# Assignment
When you copy the material below, keep every line exact and omit the pictures.

# Given data
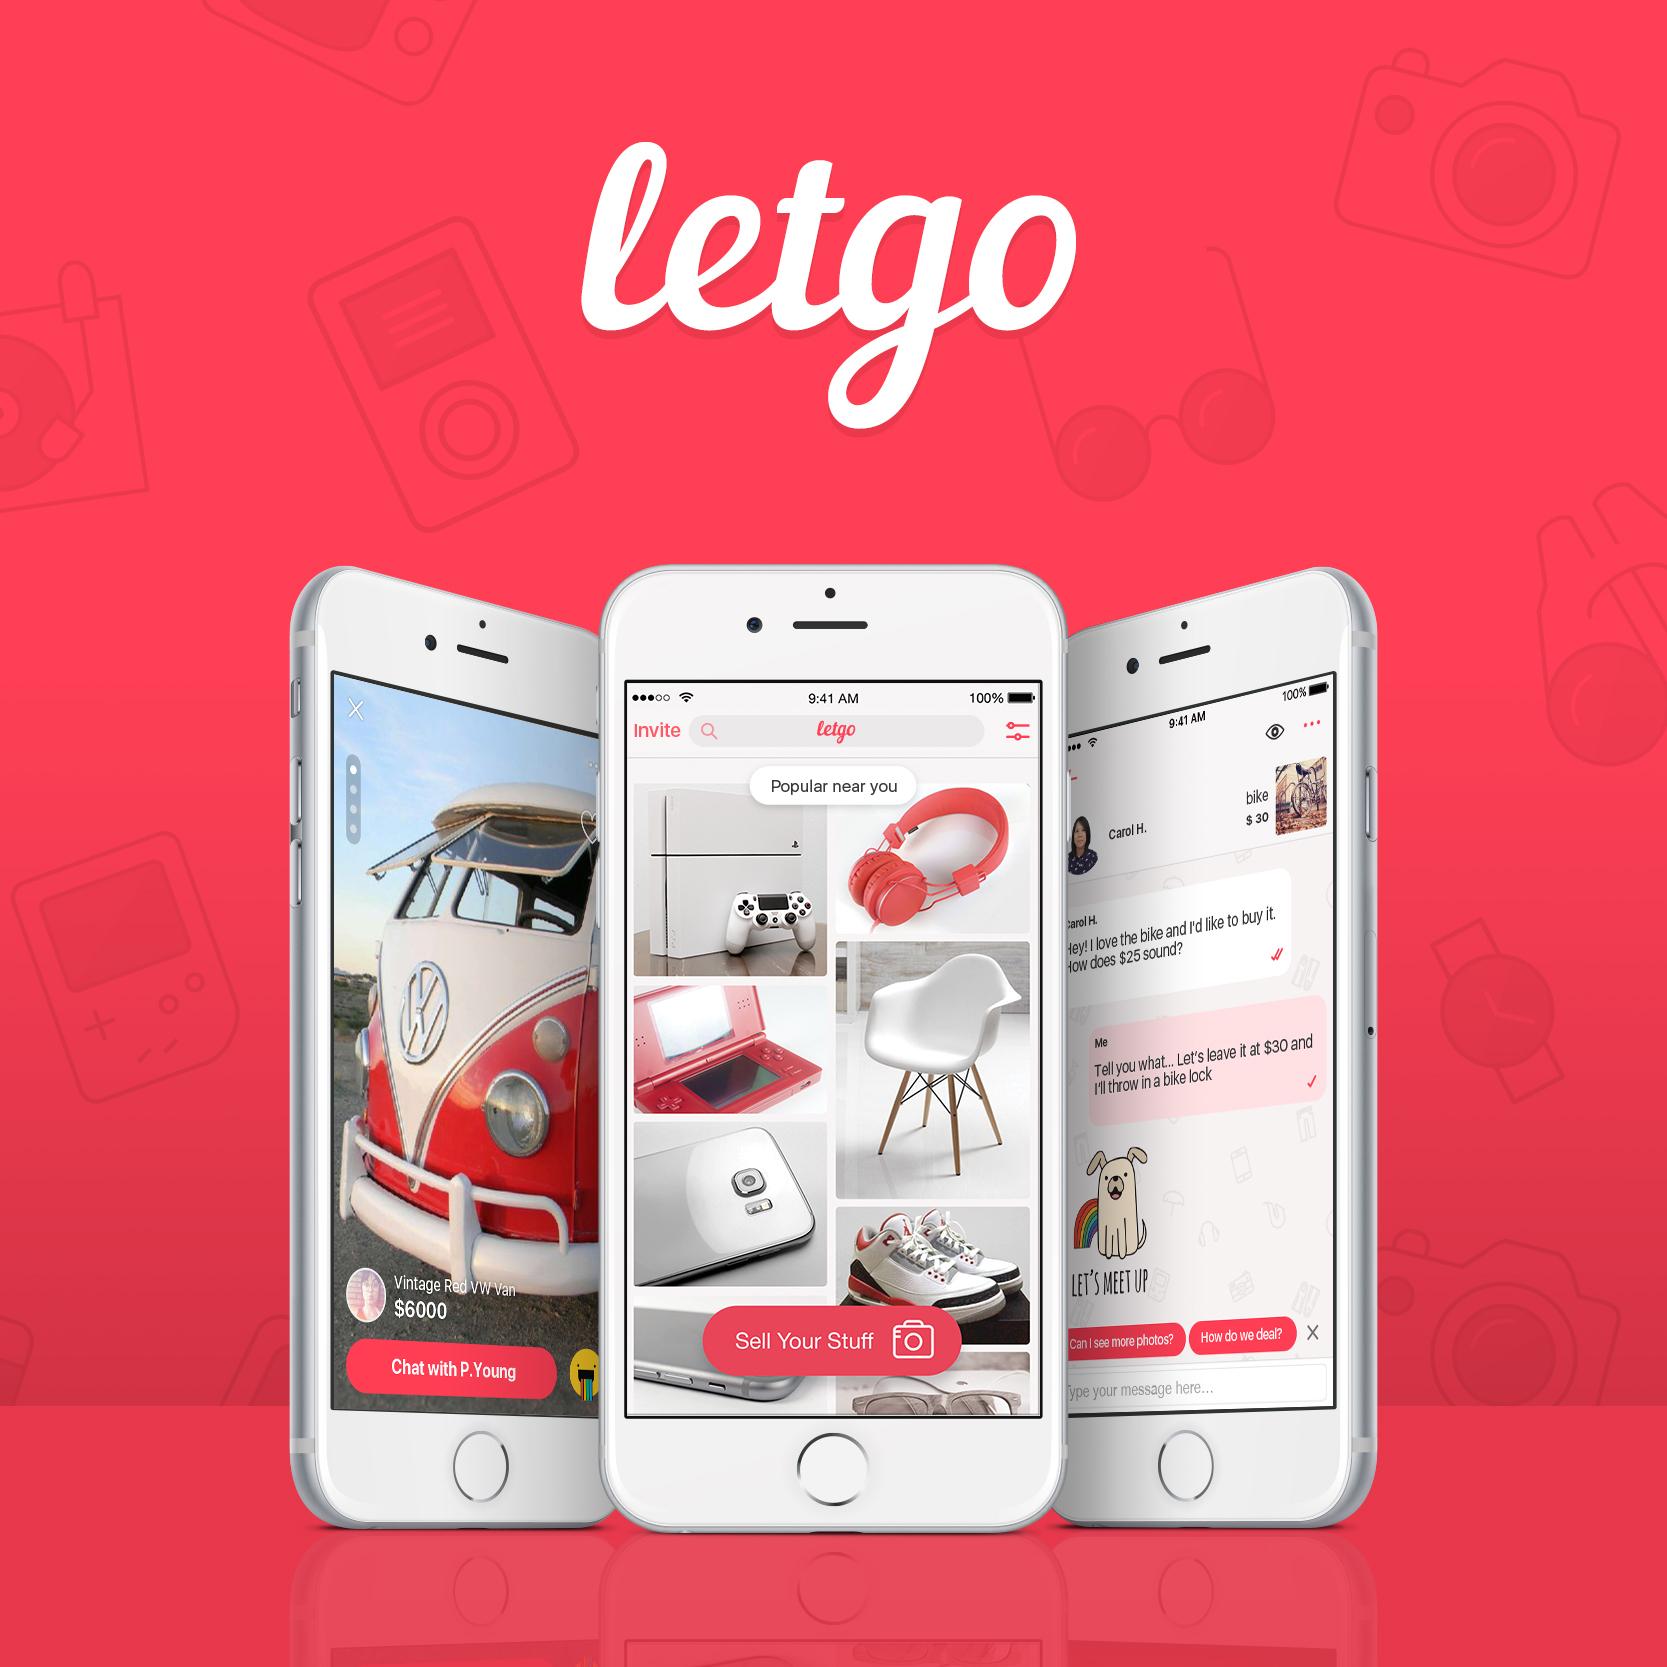 letgo_bonsai_partners_venture_capital_3.jpg
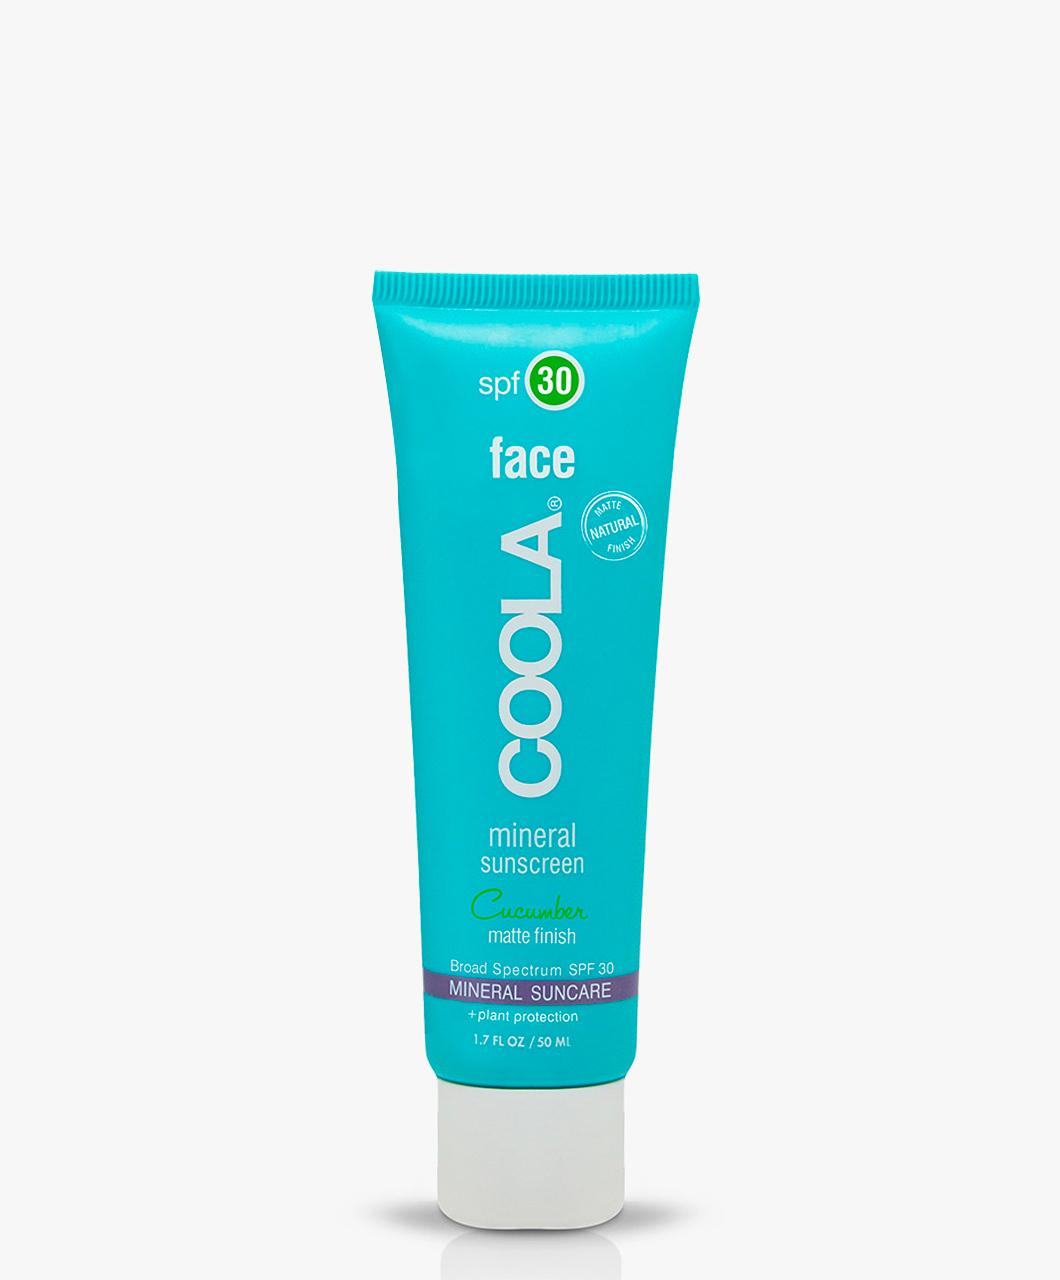 Afbeelding van Coola Sunscreen Mineral Face Cucumber
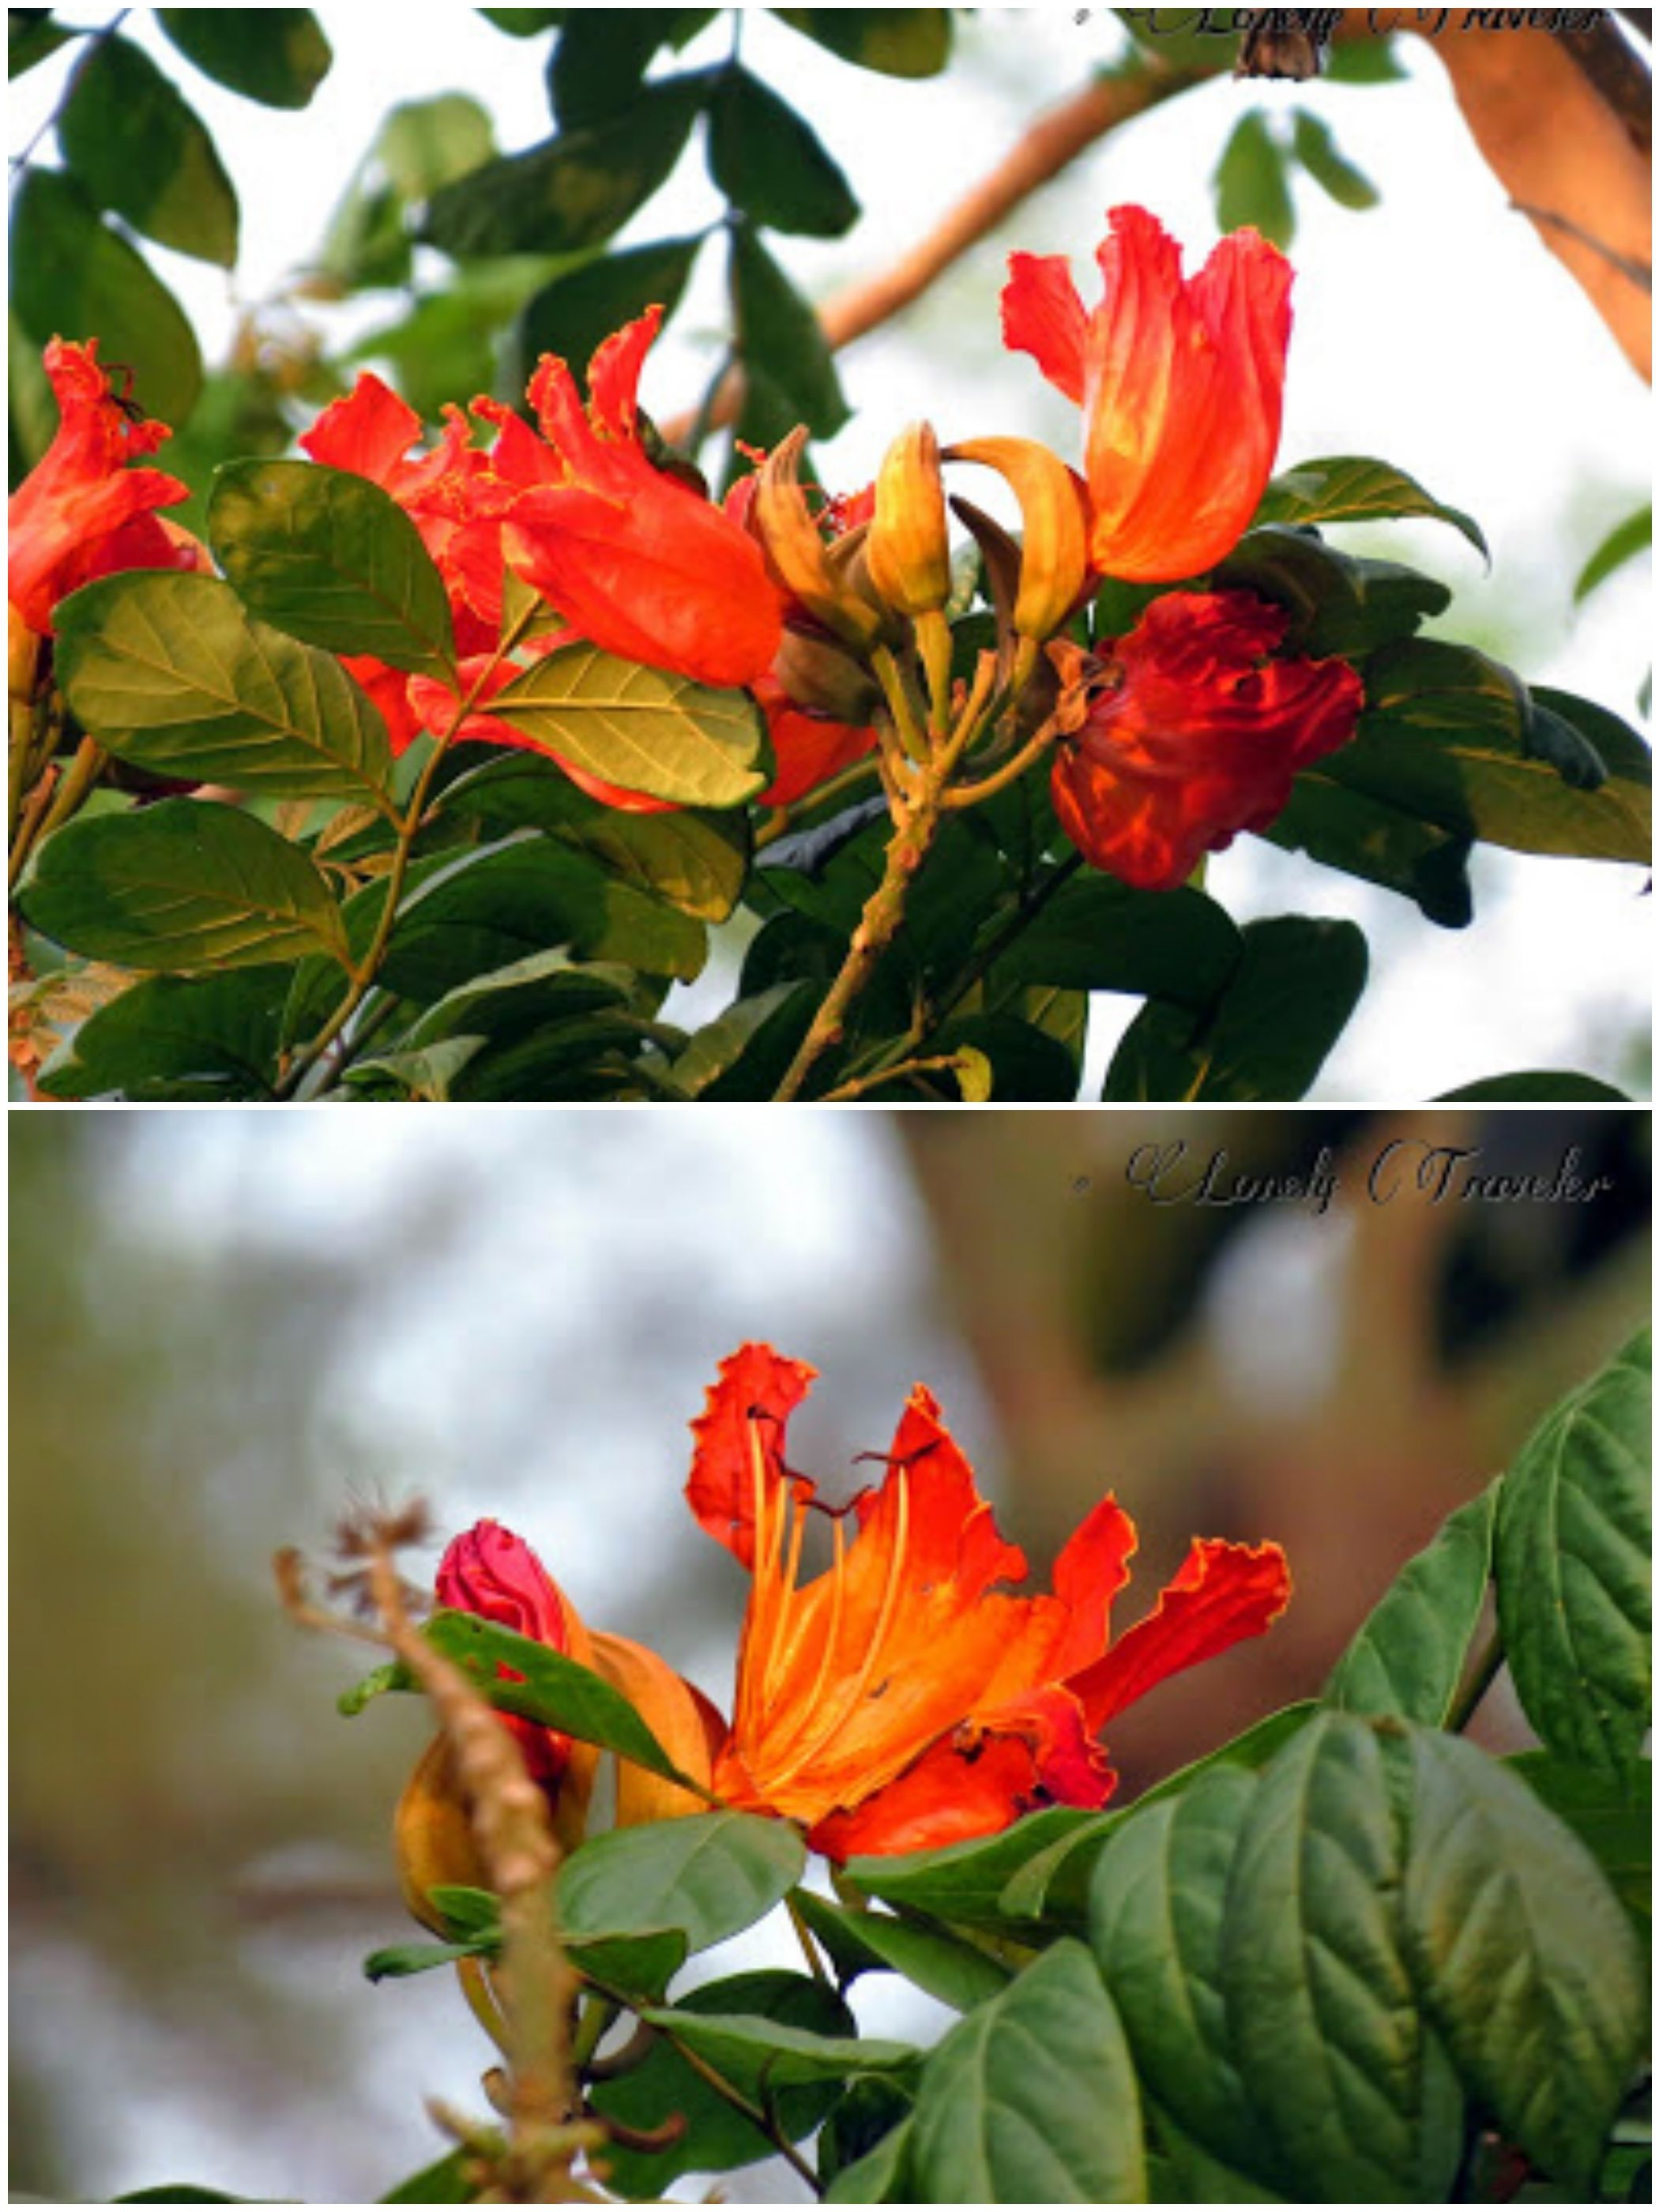 Rudra Palash (রুদ্র পলাশ) - African Tulip - Campanulata ... Palash Flowers Images

# Response to the task
 letgo_bonsai_partners_venture_capital_3.jpg
 Afbeelding van Coola Sunscreen Mineral Face Cucumber
 Rudra Palash (রুদ্র পলাশ) - African Tulip - Campanulata ... Palash Flowers Images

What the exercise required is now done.